2) « La métathéâtralité dans l’Assemblée des femmes »
3) « Les Femmes, ces hommes pires que les autres : obscénité et politique dans l’Assemblée des femmes »
« Les femmes, ces hommes pires que les autres : obscénité et politique dans l’Assemblée des femmes »
Prise de notes suite à l’intervention de Anne de Crémoux, maîtresse de conférences de langue et littérature grecques, université de Lille (PNF Rendez-vous de l’Antiquité 2024), vendredi 22 mars 2024
Questions problématiques :
* Comment appréhender l’obscénité d’Aristophane avec des yeux antiques ?
- Les rites et cultes, notamment autour de Dionysos et Démeter, tolèrent la présence de cette obscénité (cf les processions phalliques représentées sur les vases).
- La poésie iambique, tournée vers le blâme, comportent des passages obscènes (cf VIIe siècle, Archiloque étrillant ses ennemis qui se suicidaient à cause de ses iambes).
- La farce dorienne ou mégarienne
- Les petits spectacles de théâtre représentés dans la Grande Grèce qui auraient eu un contenu grossier voire obscène.
- Une interprétation optimiste : les femmes représenteraient un retour à l’abondance, s’y jouerait une célébration du corps, en contraste avec la situation de guerre. Des problèmes d’approvisionnement en blé et en céréales ont dû avoir lieu durant la guerre de Corinthe. D’une certaine manière, les femmes proposent une sorte de réarmement démographique.
- Pour Jeffrey Henderson, l’idée égalitariste de Praxagora ne conduit pas au salut de la cité, mais bien à sa perte. Les obscénités montrent que la fantaisie ne marche pas, contrairement à d’autres pièces où l’obscénité est vue comme fantastique. Ici elle est violente. L’une des composantes de l’ironie d’Aristophane, fondée sur l’obscénité, consiste à montrer le fossé entre le plan rêvé et sa réalité. Les personnages n’ont pas d’opposants à leur projet, qui ne fait pas l’objet de débat. Au moment où le débat devrait structurellement se tenir, la scène de Blépyros qui défèque est présentée. L’obscénité sert de mise en garde à la mise en œuvre de certains plans.
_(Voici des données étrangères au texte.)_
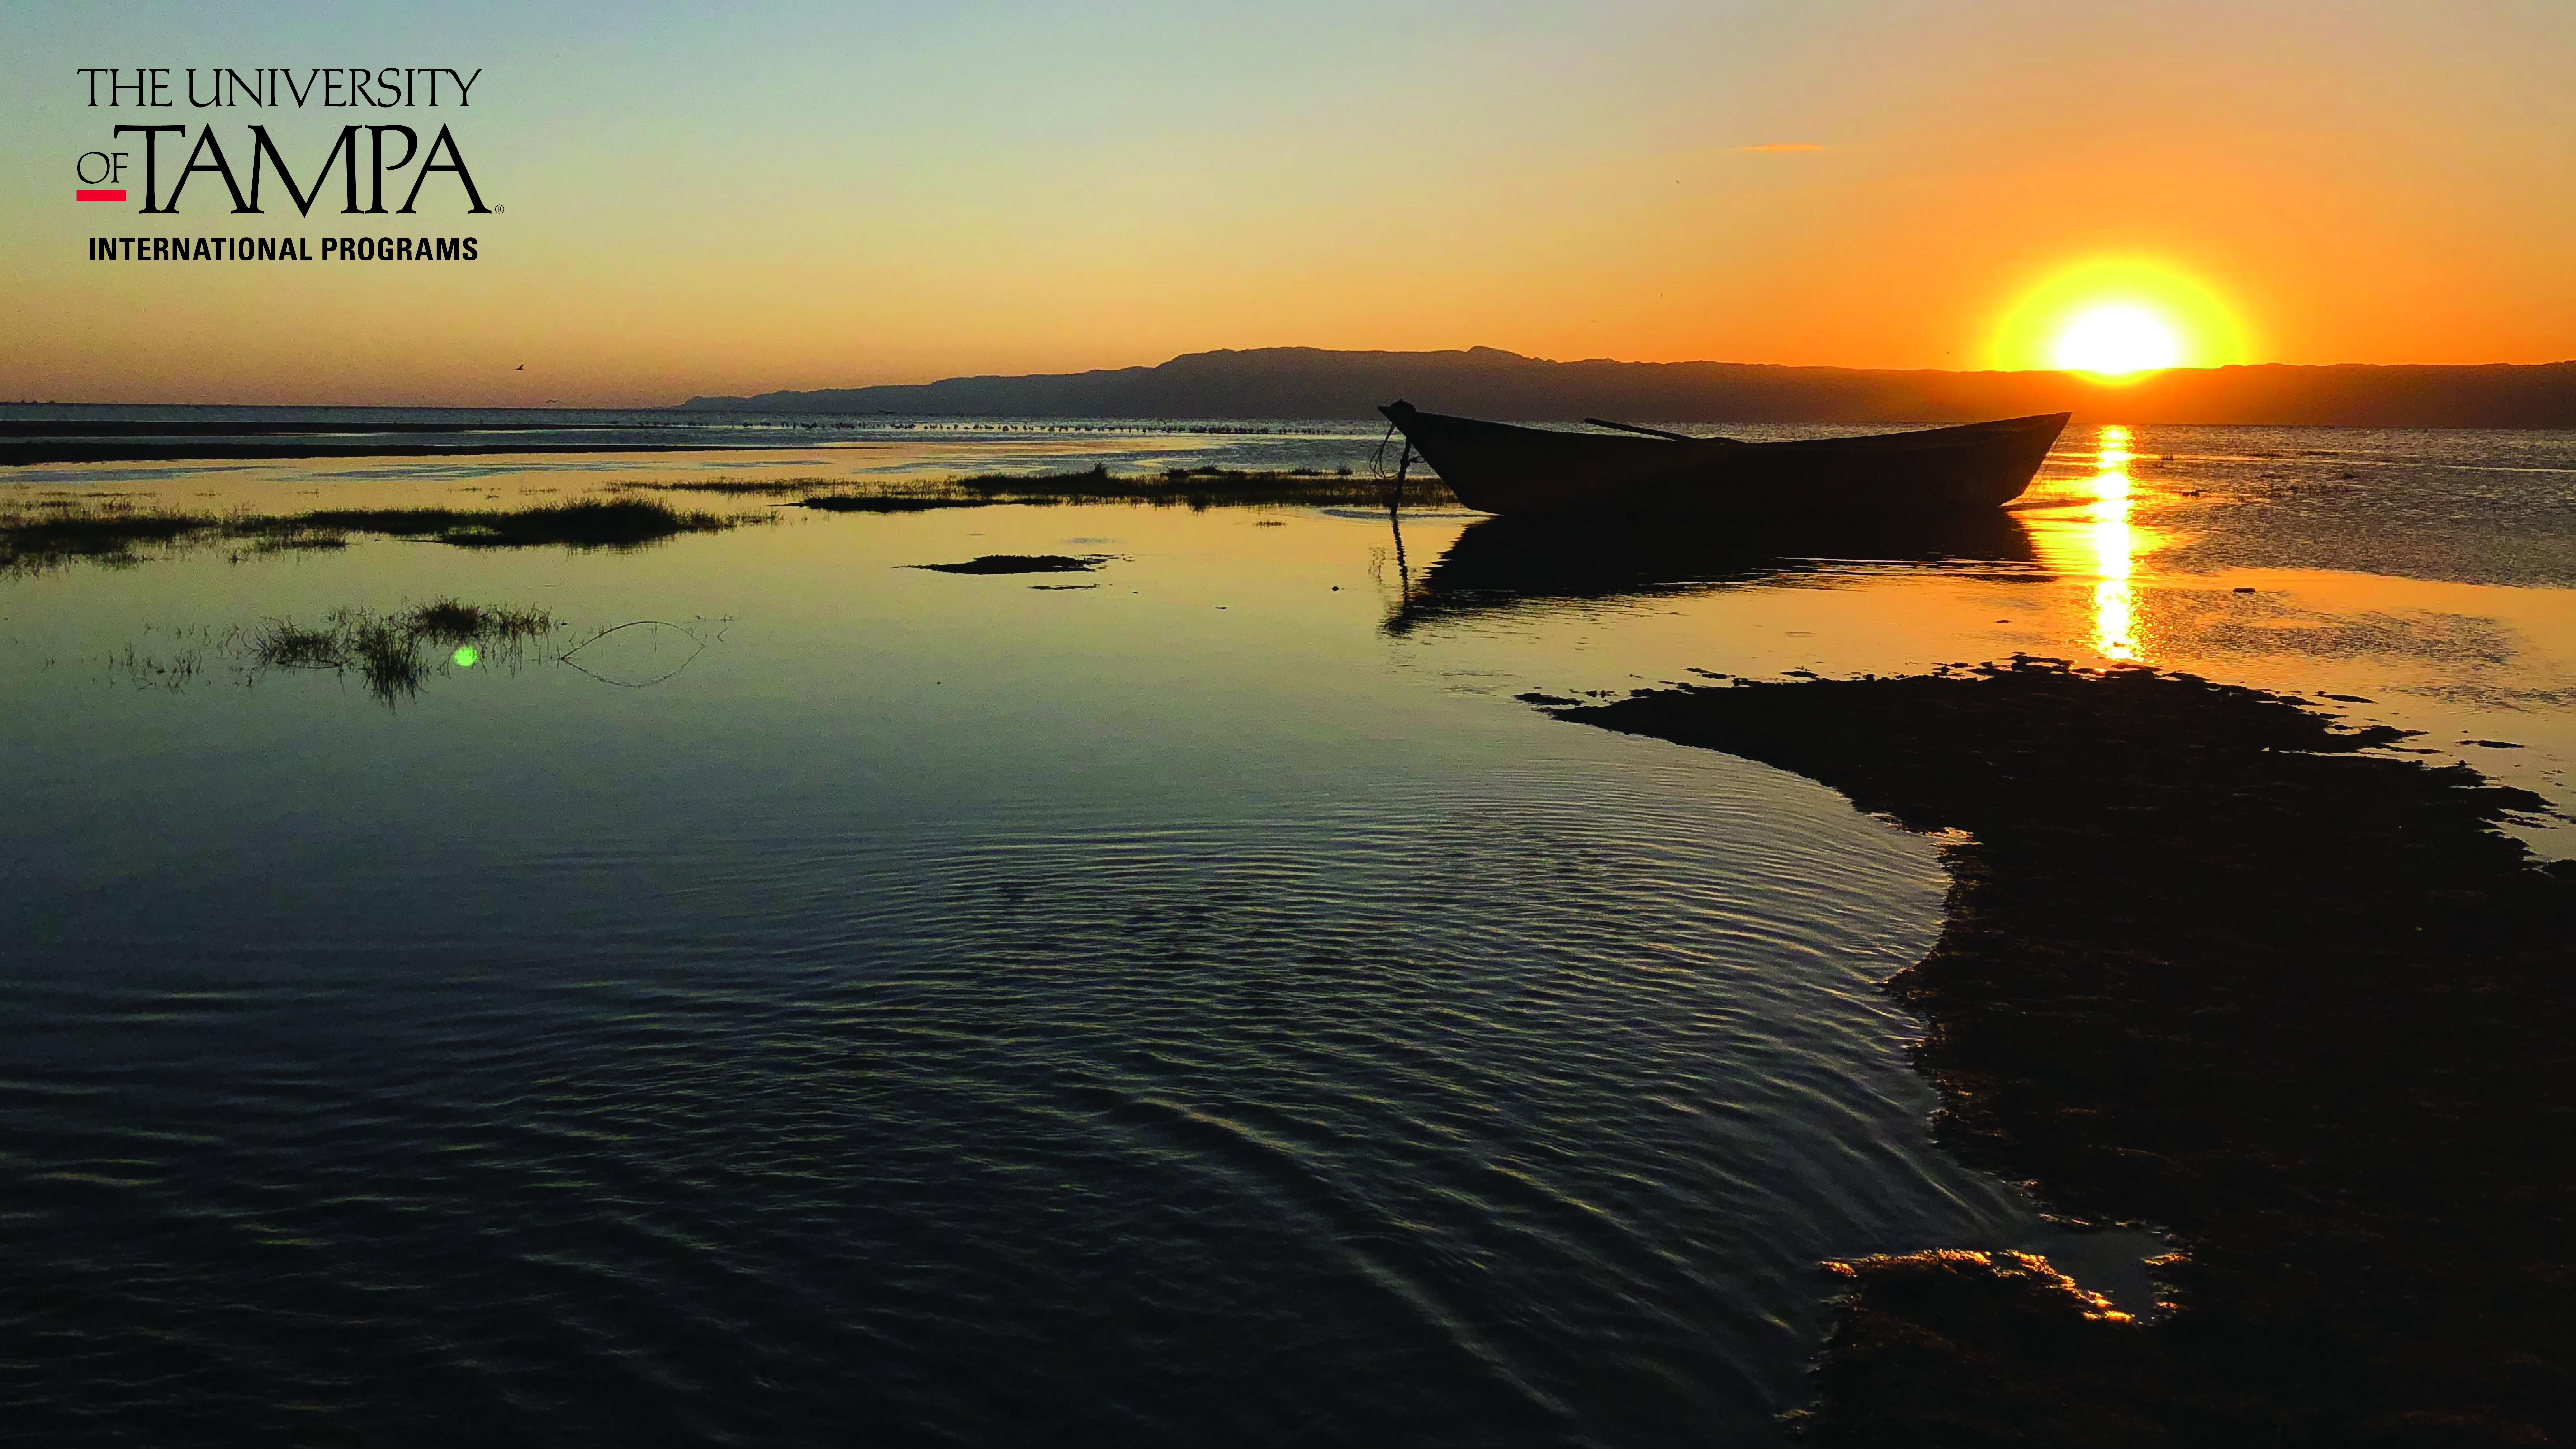 Sunset on Lake Eyasi in Tanzania (Photographer: Troy Cusson, Music Technology Coordinator)

- Pour Suzanne Saïd et Malika Bastin-Hammou, l’obscénité qualifie la cité déjà existante et reflète sa corruption, le triomphe de la politique du ventre (cf les « citoyens-ventres » dans les Travaux et les Jours d’Hésiode). Elles commentent le mot valise final qui mélange tout et mime l’excrément. C’est une bouillie qui annule toute distinction. La pièce montre une comédie humaine au dernier stade de sa dégradation. La confusion totale incite à l’égoïsme et aux intérêts particuliers.
- Pour Charalampos Orfanos, l’Assemblée des femmes revêt une grande dimension métathéâtrale. Avec les moyens du théâtre, les costumes, les déguisements, le poète confronterait la règle selon laquelle les citoyens mâles participeraient à l’assemblée et le lieu commun des hommes corrompus qui ressembleraient à des femmes. Il établirait une correspondance entre la prise de pouvoir par les femmes et les « femmelettes » au pouvoir à Athènes. Lors de la scène du travestissement, Praxagora se déguise en beau jeune homme (vv.427-429), en écho avec l’idée selon laquelle l’orateur est un vendu, une prostituée (vv.110-114). Les distinctions de genres et d’âge s’effacent.